I know that $\sum_{n=0}^{\infty}\frac{x^n}{n!}=e^x$, but surely the derivative of $e^x$ is $e^x$ itself again and thus not what we're looking here for…right? Can anybody suggest a workable approach to me? I'm quite stumped right now, even though this exercise is apparently intended to be not that hard.

Answer 1

Differentiating with respect to $x$ means you keep the other constants as a variable.
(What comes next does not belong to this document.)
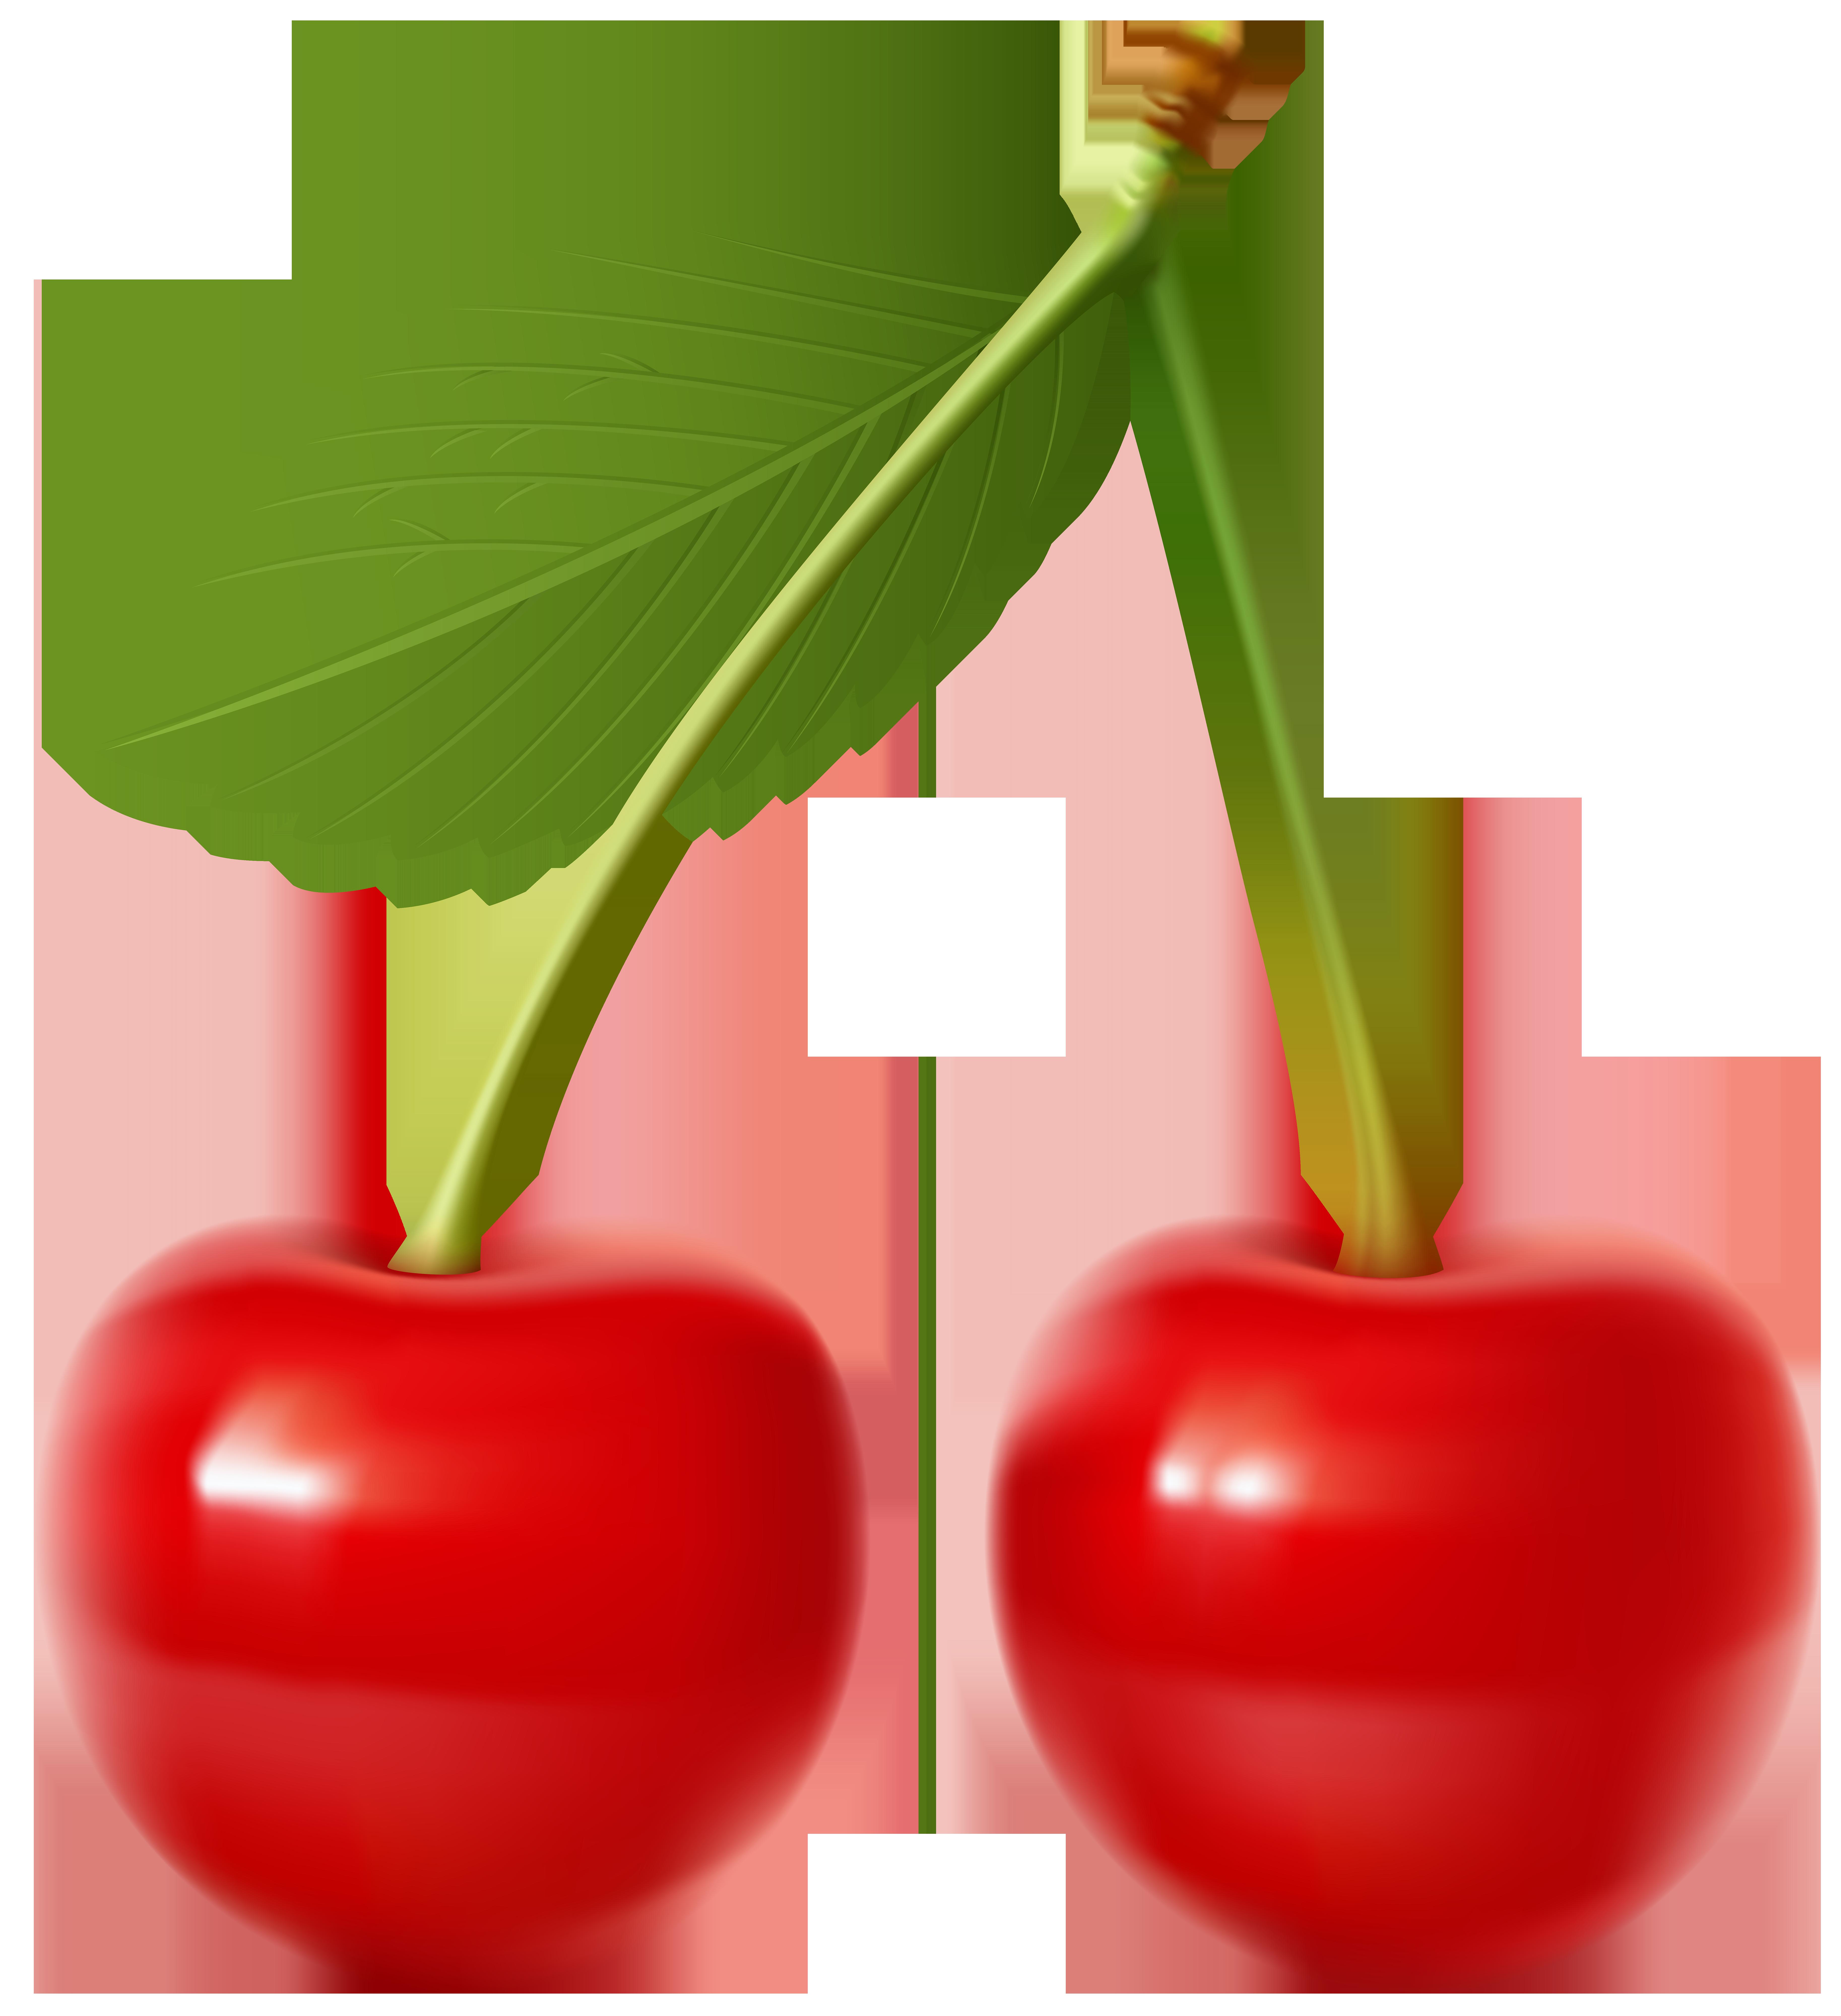 Cherries Transparent Clip Art Image.

Therefore, ignore the $n!$ in the denominator.$$f(x)=\frac {x^n}{n!}\qquad\implies\qquad f'(x)=\frac {nx^{n-1}}{n!}$$Expand the factorial as the product of integers and simplify$$\begin{align*}f'(x) & =\frac {nx^{n-1}}{n(n-1)(n-2)\cdots1}\\ & =\frac {x^{n-1}}{(n-1)(n-2)\cdots1}\\ & =\frac {x^{n-1}}{(n-1)!}\end{align*}$$

Answer 2

\begin{align} \frac{d}{dx} \left( \frac{x^n}{n!}\right) &= \frac1{n!} \left[\frac{d}{dx}x^{n}\right] \end{align}

Simplify the term in the square bracket and then use the property of factorial to get your desired answer.

Answer 3

Differentiating with respect to $x$ gives $$\frac{d}{dx}\Big(\frac{x^n}{n!}\Big)=\frac{1}{n!}\frac{d(x^n)}{dx}=\frac{1}{n!}nx^{n-1}=\frac{1}{n(n-1)(n-2)...(1)}nx^{n-1}=\frac{x^{n-1}}{(n-1)!}.$$